Maintenant, parlons du rôle de la France dans tout ça, parce que la France a joué un double jeu absolument scandaleux. Le général Saïd Chengriha, chef d'état-major de l'Armée Nationale Populaire algérienne, se rend à Paris. Rencontre avec le ministre français des Armées. Discussion sur la coopération militaire. Chengriha fait une demande précise : l'Algérie veut acheter des satellites, un satellite d'observation militaire français. La même technologie Pléiades que la France a vendu au Maroc. Les mêmes satellites capables de photographier des objets de 66 cm depuis l'espace. L'Algérie est prête à payer. Budget proposé : plus d'un milliard d'euros pour au moins deux satellites, peut-être même plus performants que les satellites marocains. Objectif algérien : surveiller les frontières avec la Tunisie, la Libye, le Mali et le Niger. Détecter les mouvements de groupes terroristes. Surveiller les infrastructures militaires que pourraient développer Israël sur le territoire marocain en prévision d'un éventuel conflit. Réponse de la France : refus catégorique. La France ne vendra pas de satellite espion à l'Algérie. Pourquoi ? Parce que ça contrarierait le Maroc, allié stratégique de la France. Parce que ça rééquilibrerait le rapport de force au Maghreb. Parce que la France veut maintenir le Maroc en position de supériorité technologique.
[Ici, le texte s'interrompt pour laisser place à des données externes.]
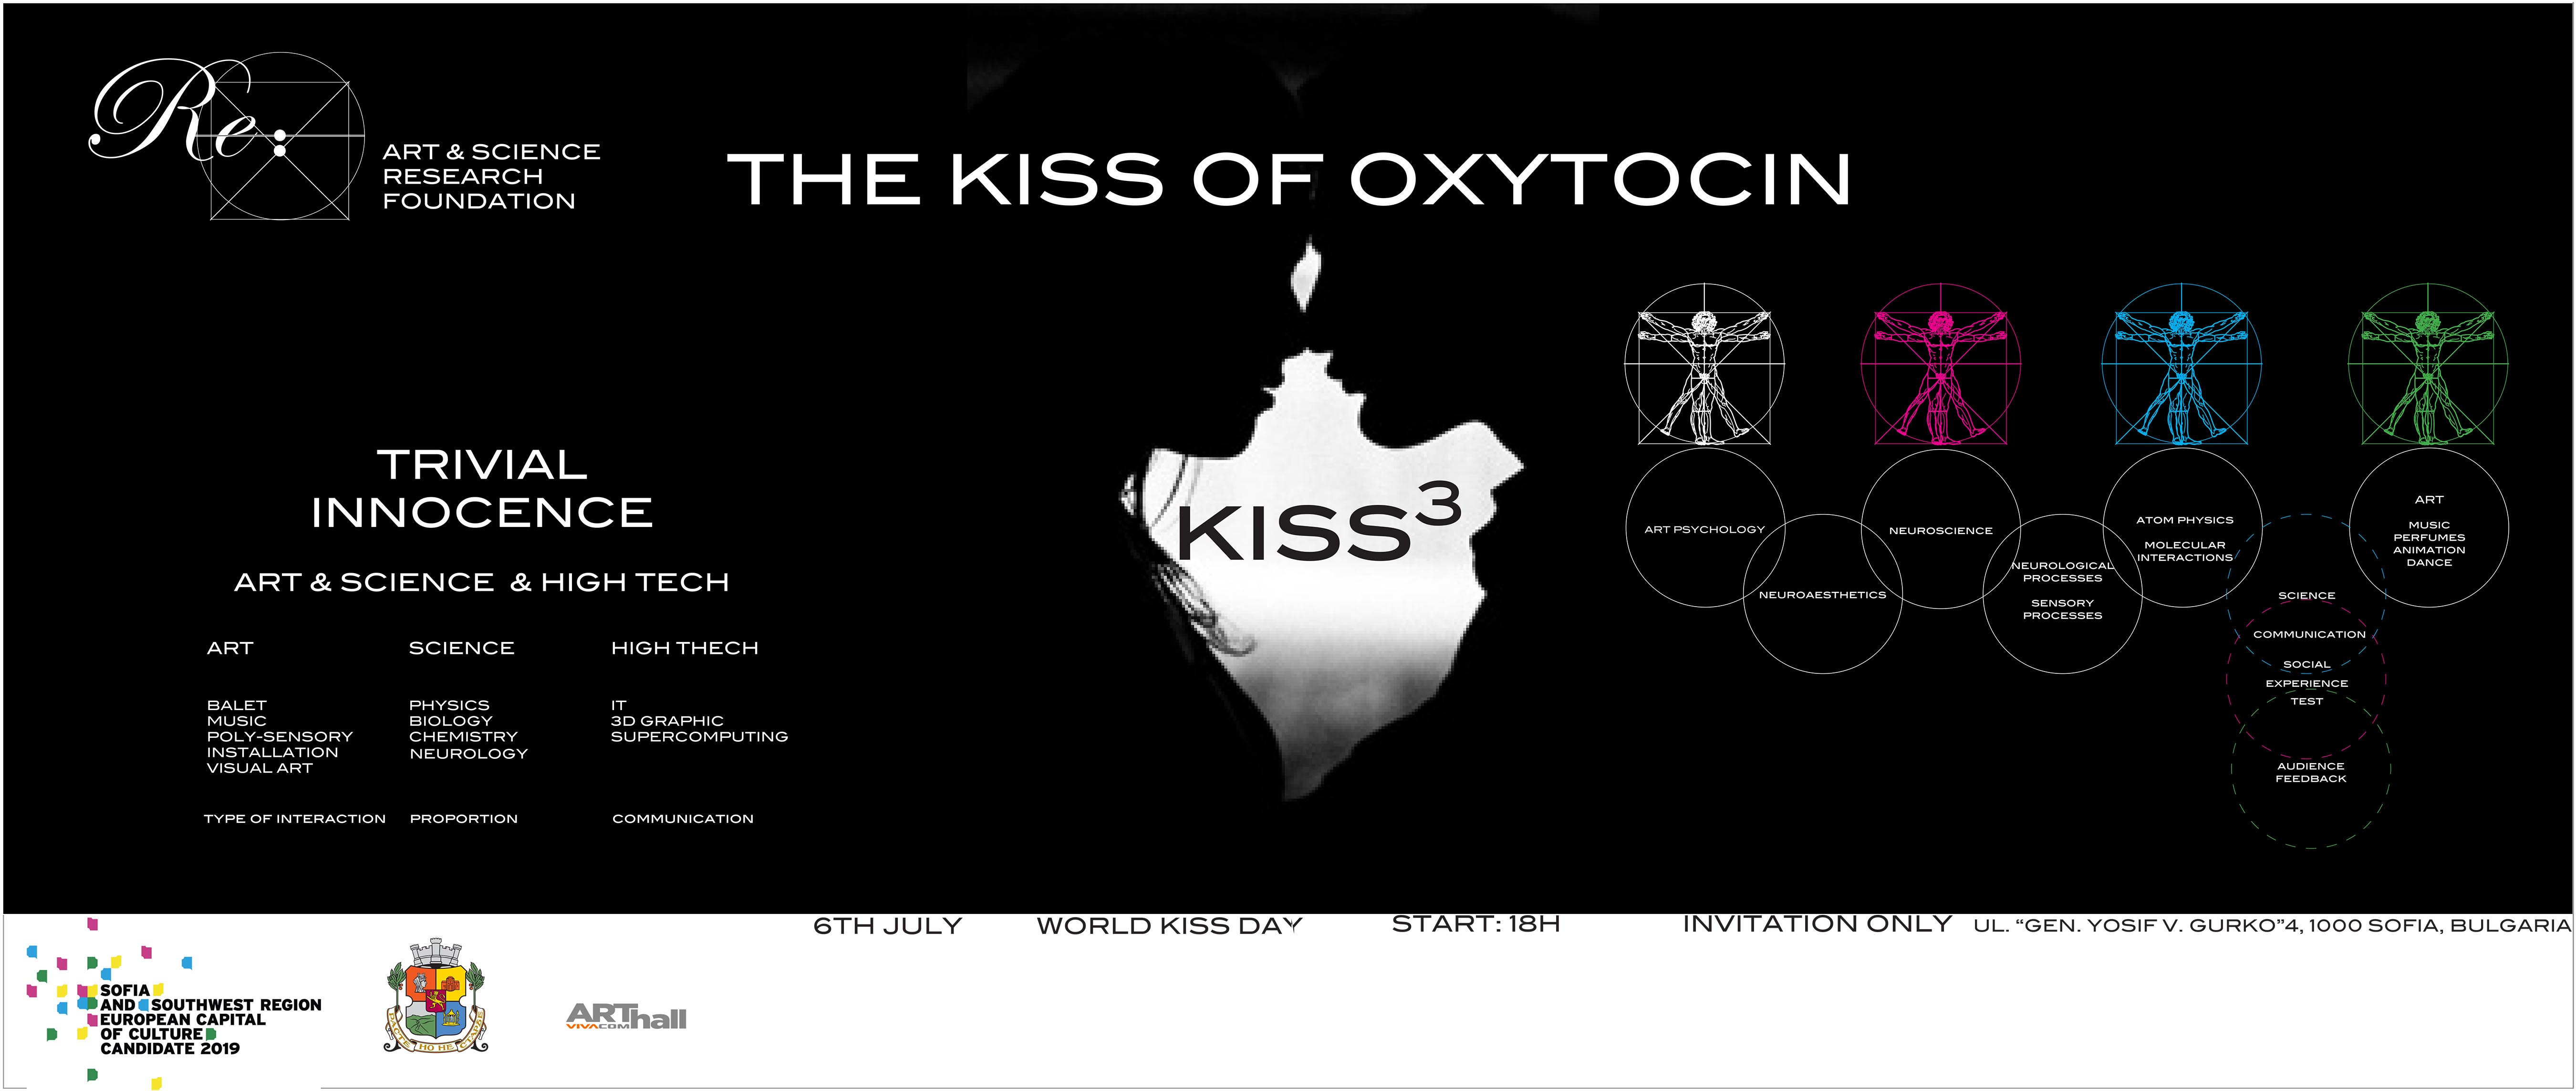 THE KISS OF OXYTOCIN

Vous réalisez l'hypocrisie ? La France vend au Maroc la technologie la plus avancée pour espionner l'Algérie. Mais elle refuse de vendre la même technologie à l'Algérie. C'est un double standard absolument révoltant. C'est une démonstration claire que la France n'est pas un partenaire fiable pour l'Algérie, que Paris joue contre Alger, que les intérêts anti-français sont alignés sur les intérêts marocains et israéliens. Le quotidien algérien El Khabar le résume parfaitement : "Le Maroc a acquis ce satellite pour surveiller son voisin de l'Est, l'Algérie. Et la France refuse d'autoriser l'Algérie à s'octroyer le même équipement militaire."

Et pendant ce temps, les États-Unis jouent le même jeu. Ils bloquaient également la vente de technologie de surveillance à l'Algérie. En 2024, le géant américain Raytheon annule un contrat de fourniture de trois avions de reconnaissance GSAM G150 équipés de technologie ISR à l'Algérie. Un contrat signé en 2016, annulé après 8 ans de retard. Pourquoi ? Pression politique de Washington. Les États-Unis ne veulent pas que l'Algérie dispose de capacités de surveillance avancée, ils préfèrent garder leurs alliés marocains en position de supériorité.